Assuming that we have made some changes to our local working directory and that we want to get these updates to be online in the remote repository we have to do the following steps:

  • First, we run the command git add. This will move our changes to the staging area. While changes are in the staging area we can very easily revert them (using git restore). There has therefore not been assigned a unique hash to the code yet, and we can therefore still overwrite it.

  • To take our code from the staging area and make it into a commit, we simply run git commit which will locally add a note to the graph. It is important again, that we have not pushed the commit to the online repository yet.
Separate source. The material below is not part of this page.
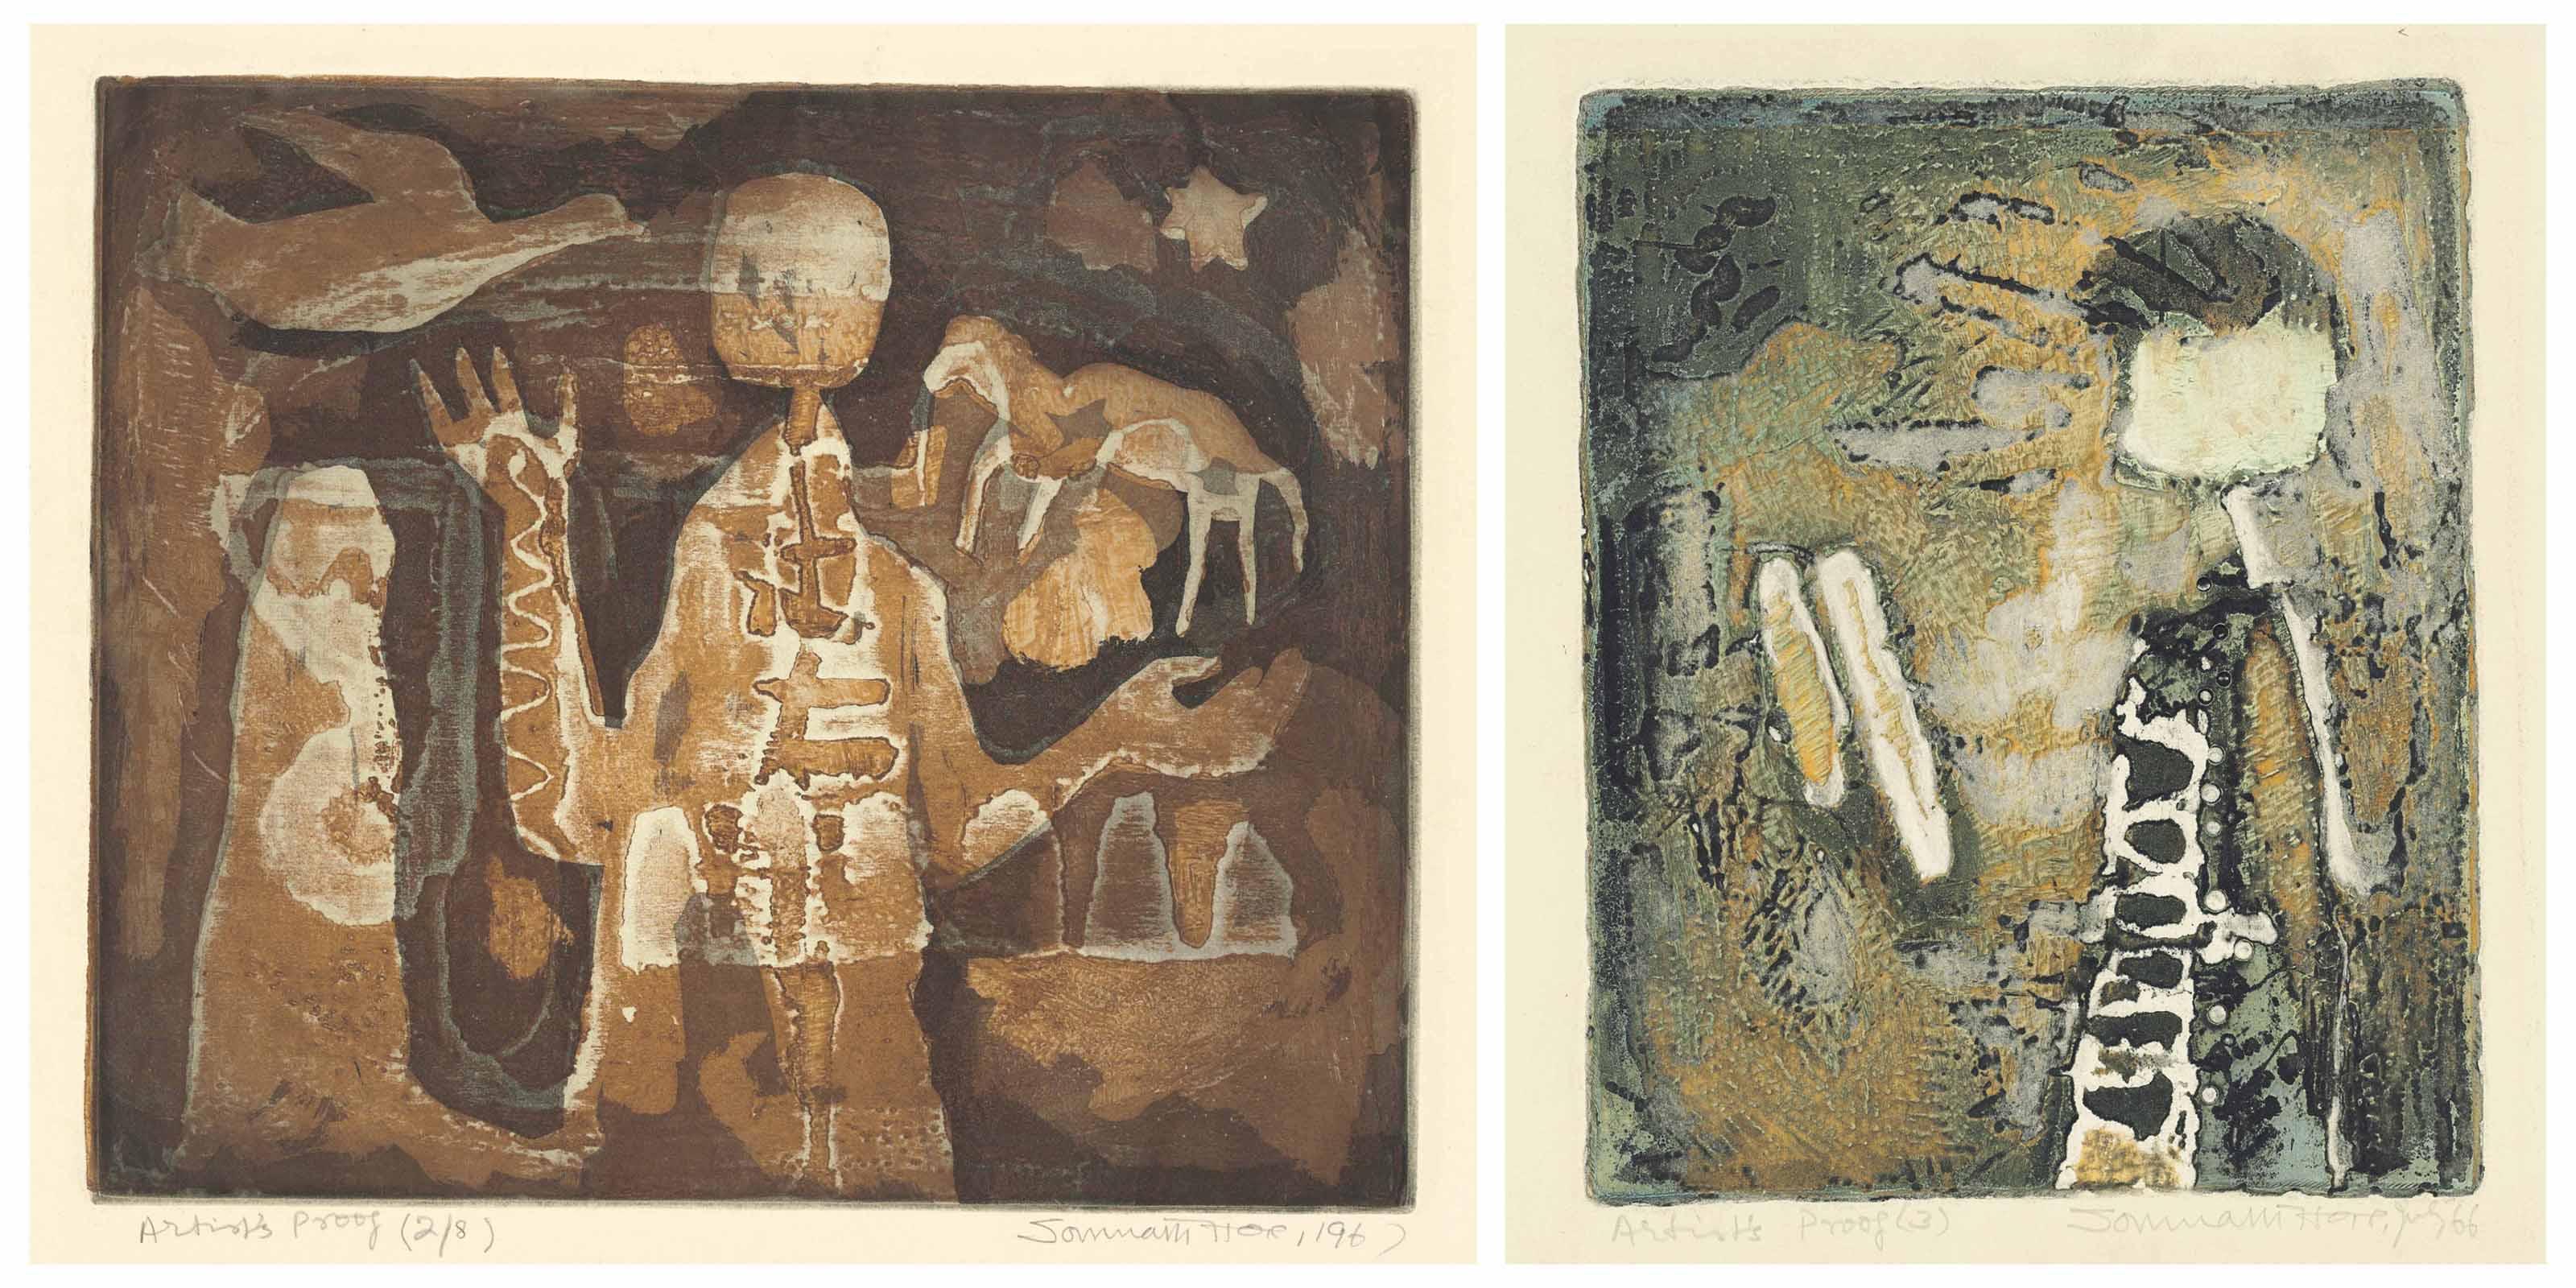 SOMNATH HORE (1921-2006)

  • Finally, we want others to be able to use the changes that we made. We do a simple git push and our commit gets online

Of course, the real power of version control is the ability to make branches, as in the image below


Image credit

Each branch can contain code that is not present on other branches. This is useful when you are many developers working together on the same project.

Exercises

  1. In your GitHub account create a repository, where the intention is to upload and version control a script

    1. After creating the repository, clone it to your computer

      git clone https://github.com/<my_user_name>/<my_repository_name>.git
      
  2. Create/Copy/Move the simple_classifier.py file and the requirements.txt file from the last virtual environment exercises into this repository.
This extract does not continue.